_Stored data_:
○ ○ ○

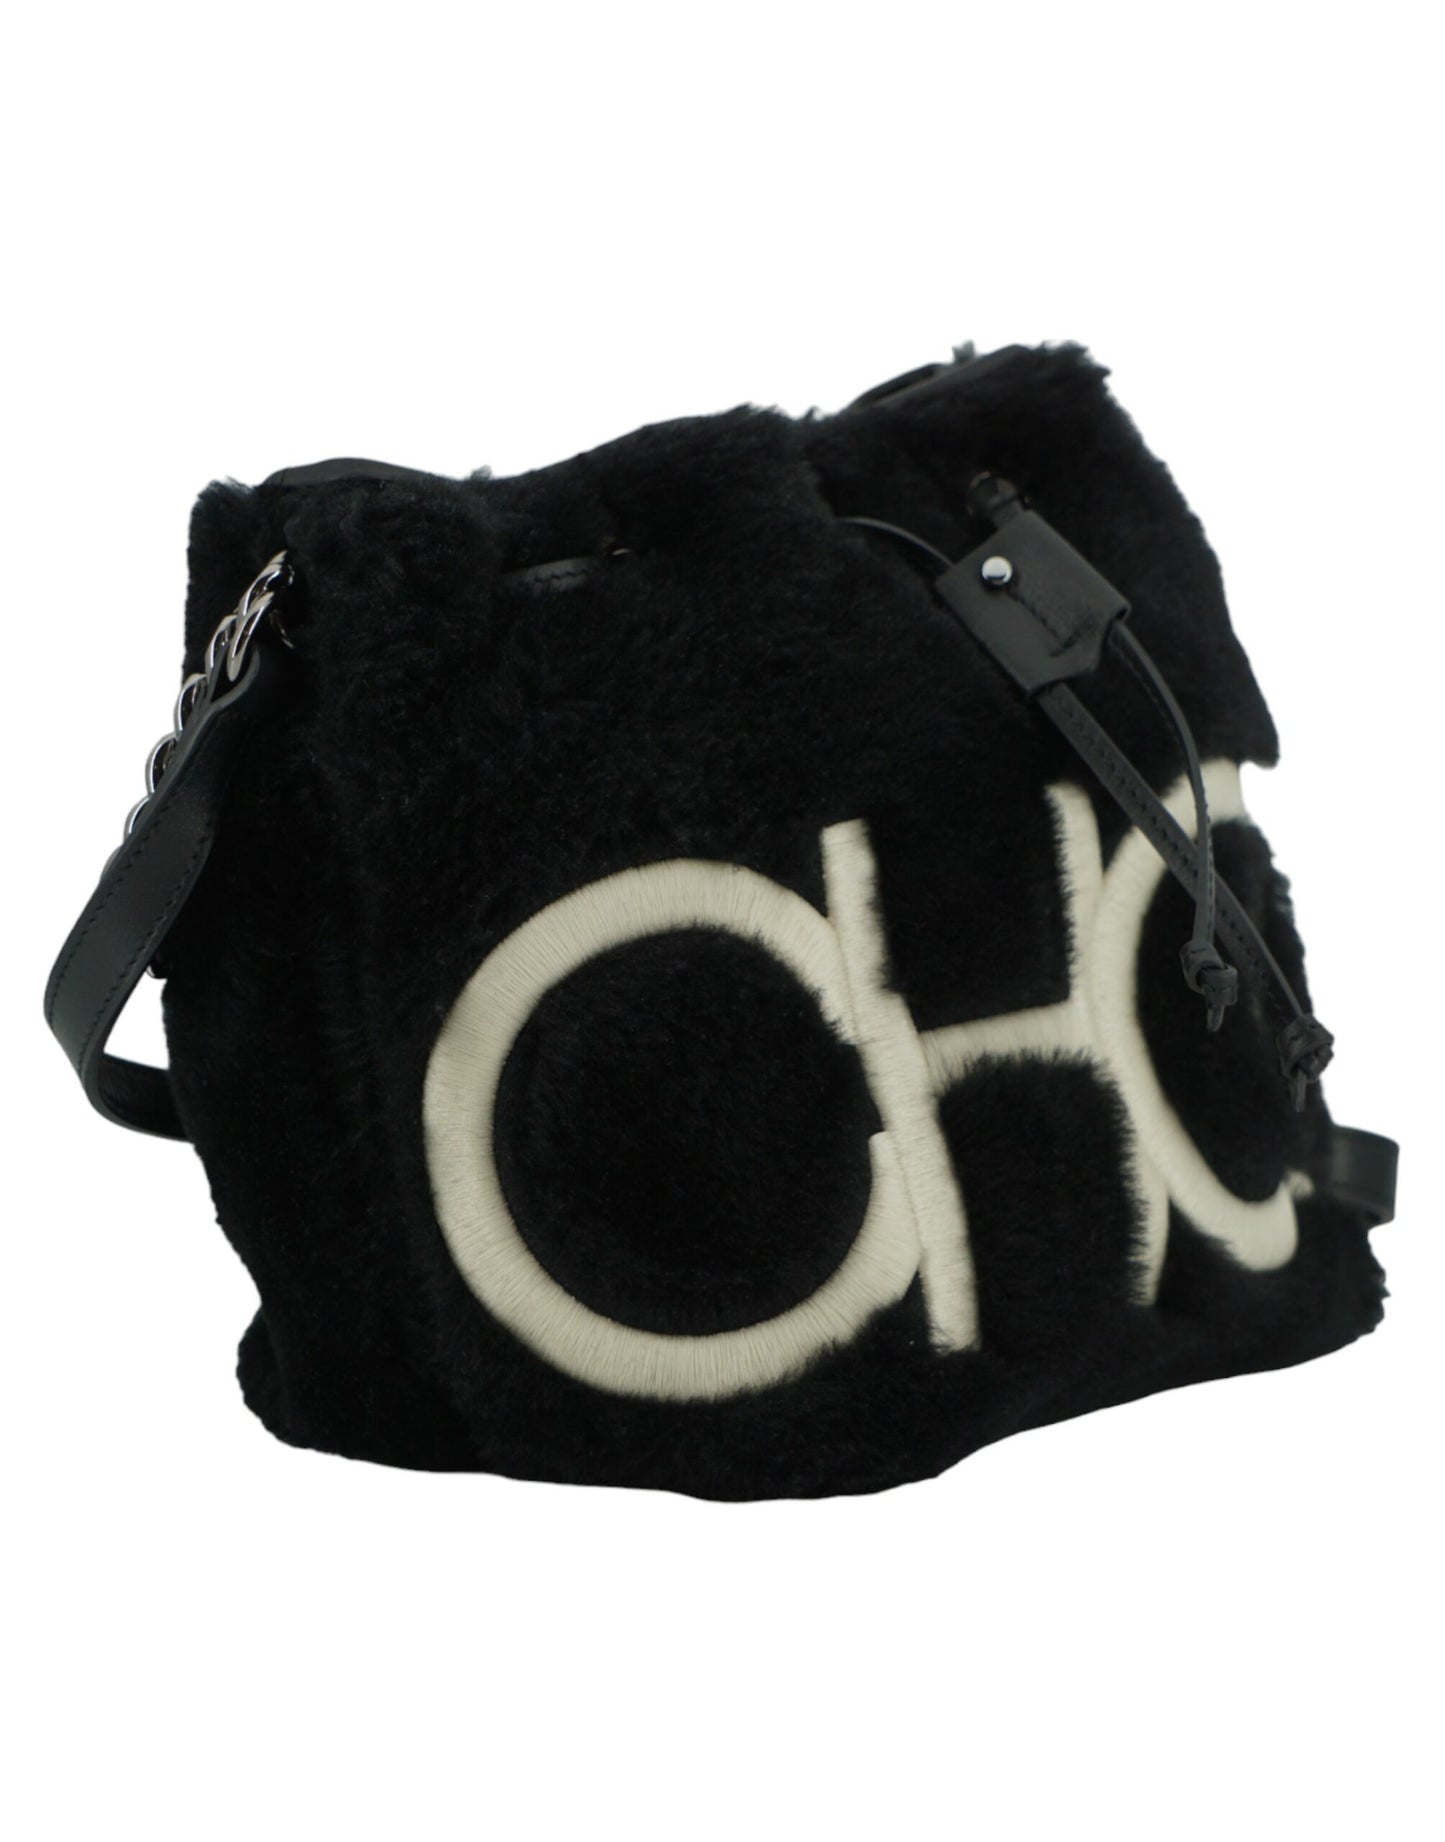 Black Leather Top Handle and Shoulder Bag
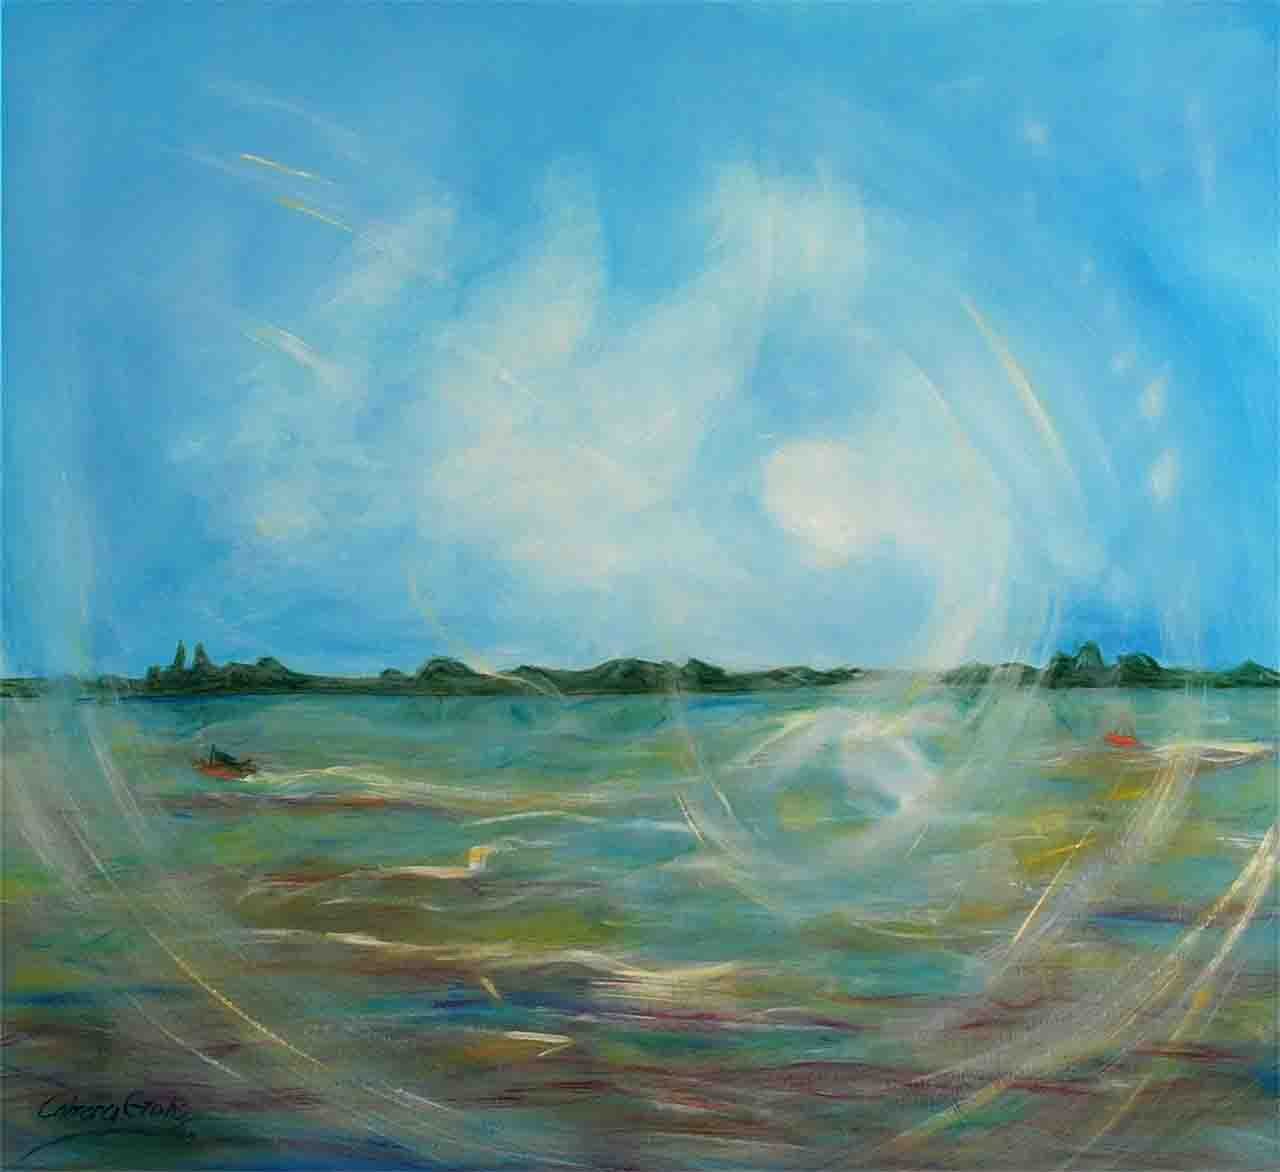 Pintura cuadrada grande, sobre lienzo, de un paisaje Sudamericano que se ve fantasmal con una niebla mágica  sobre la costa del rio Párana
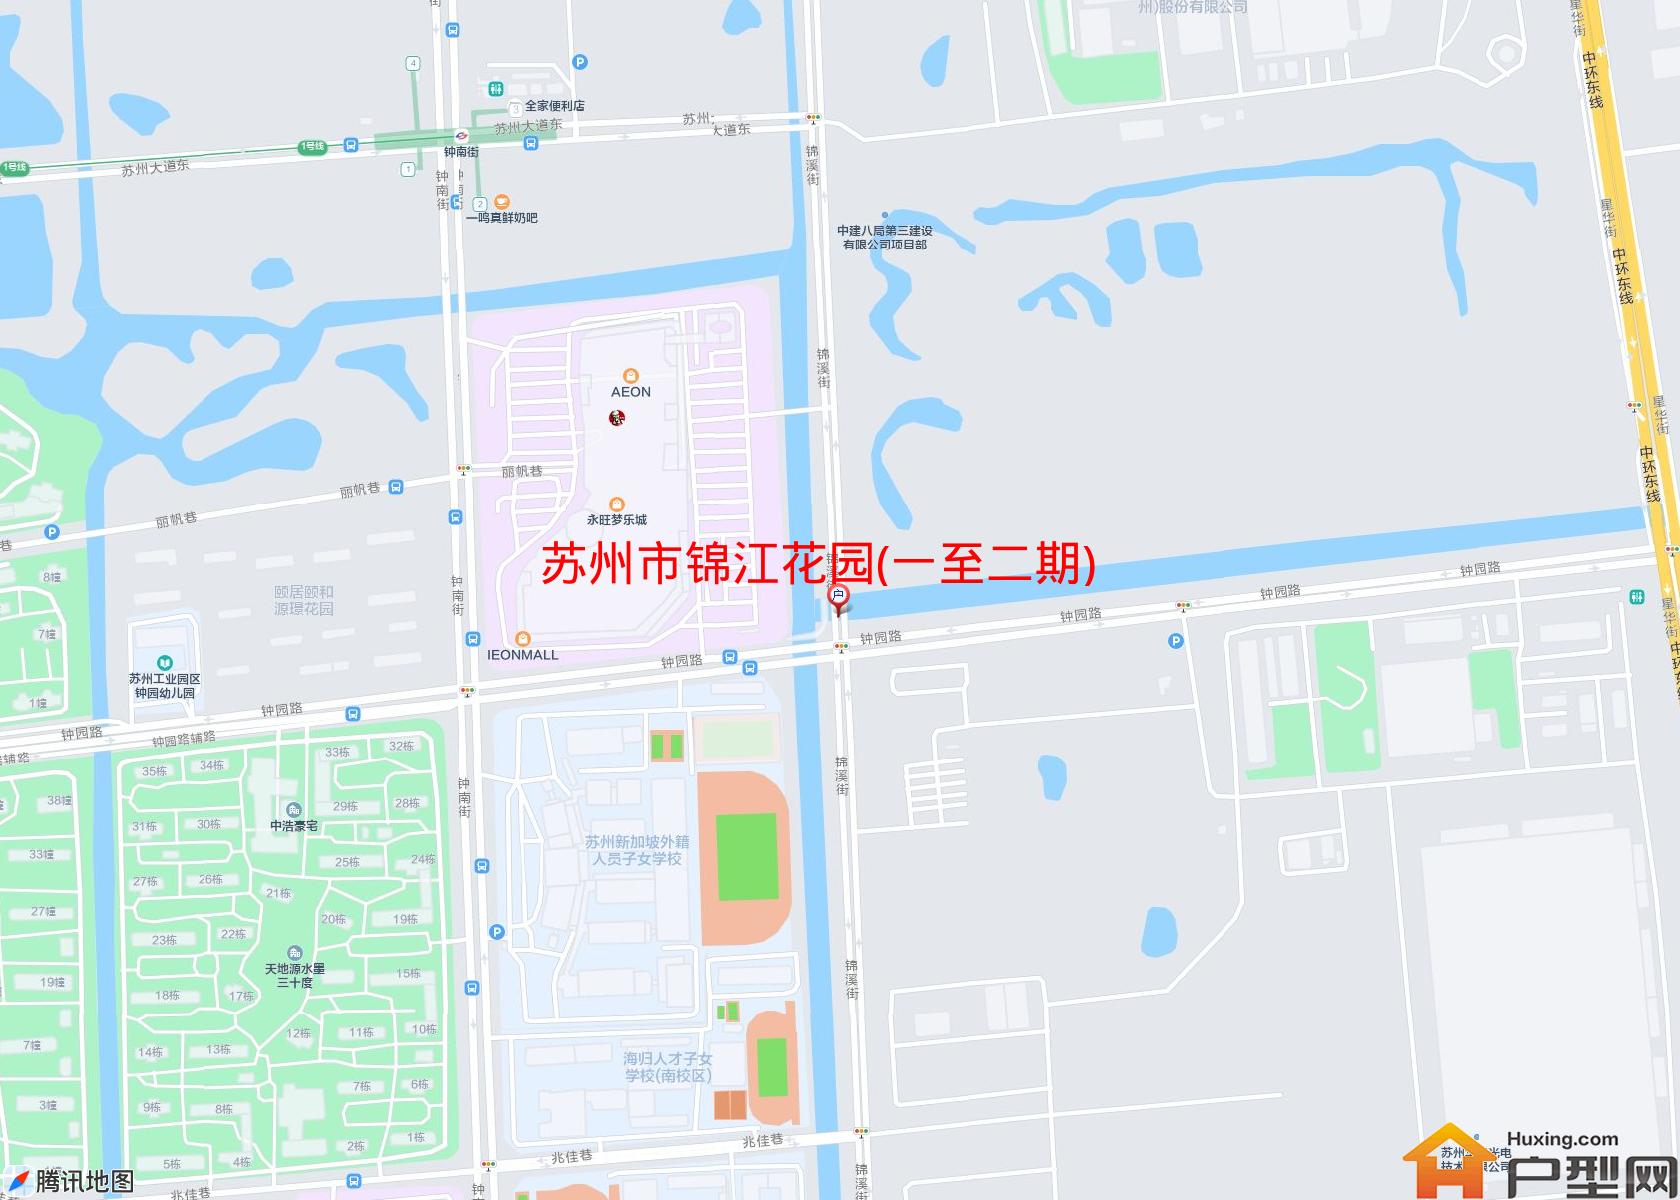 锦江花园(一至二期)小区 - 户型网
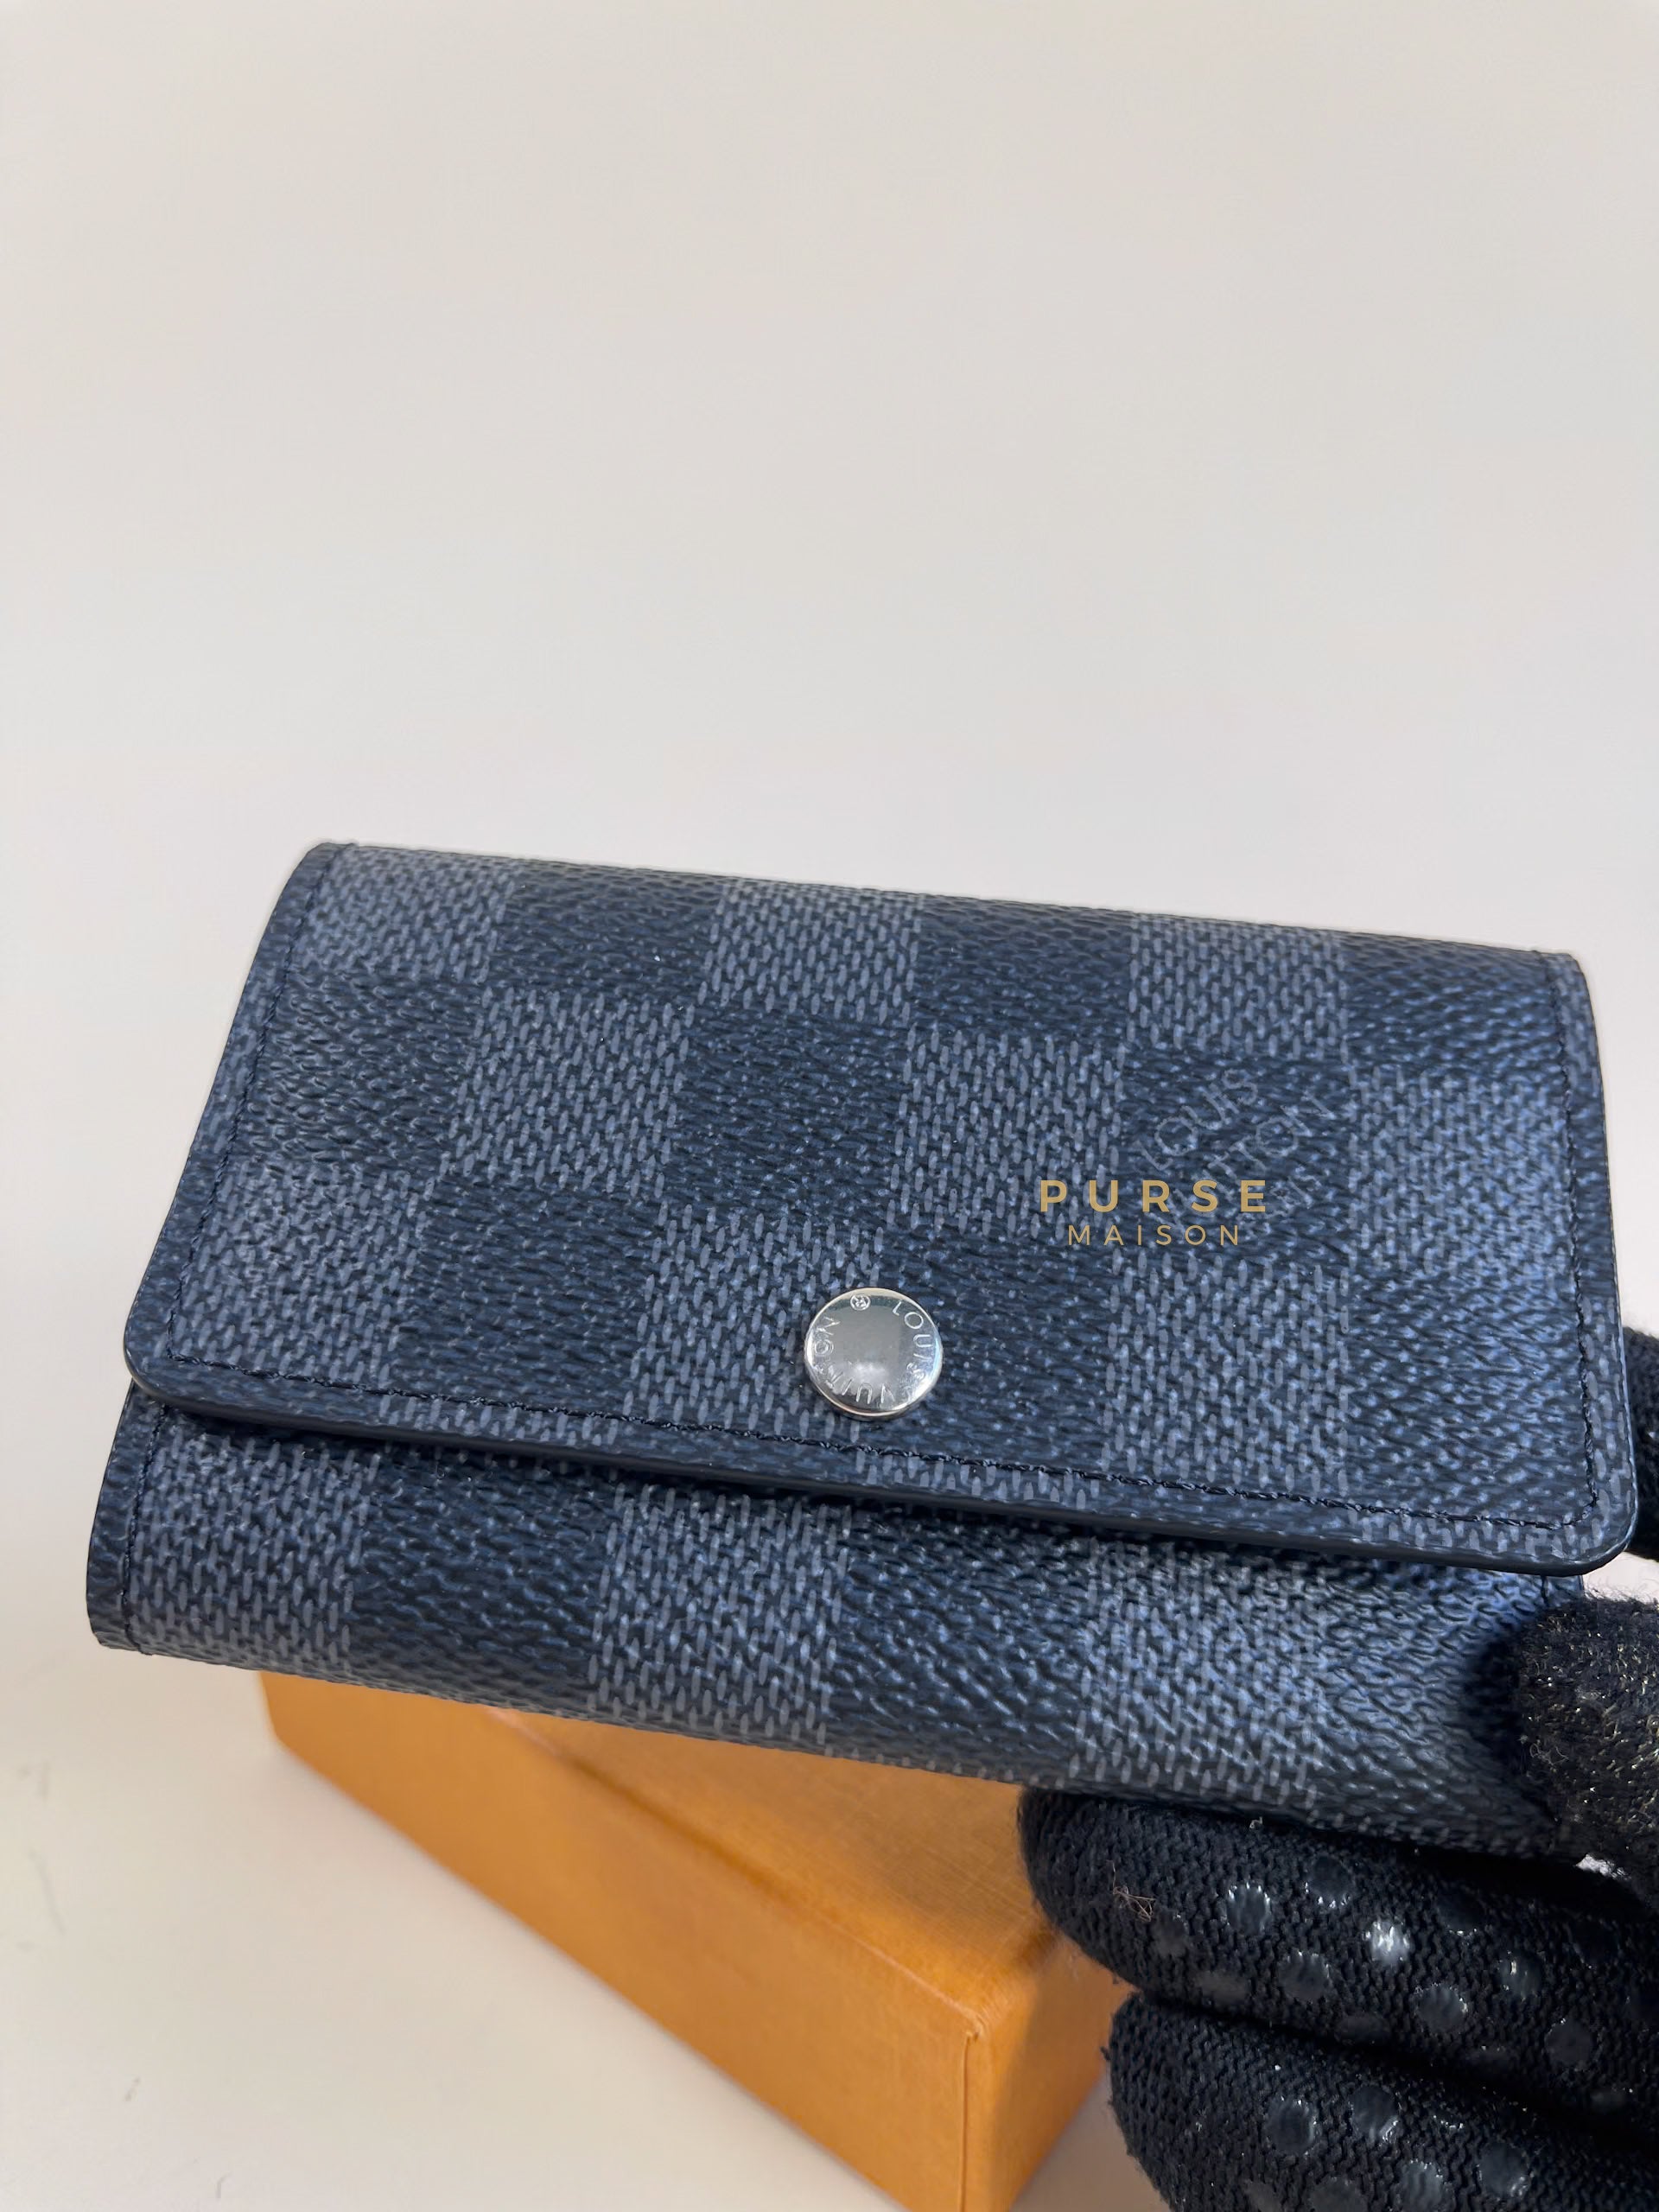 Louis Vuitton 6 Keyholder Wallet in Damier Graphite Canvas (Date Code: CT1178) | Purse Maison Luxury Bags Shop

○ ○ ○

Find the line that contains "锦江花园(一至二期)小区 - 户型网". Copy it and every line after it through the end of the listing exactly, but not the pictures.

_Solved exercise_:
 锦江花园(一至二期)小区 - 户型网
 Louis Vuitton 6 Keyholder Wallet in Damier Graphite Canvas (Date Code: CT1178) | Purse Maison Luxury Bags Shop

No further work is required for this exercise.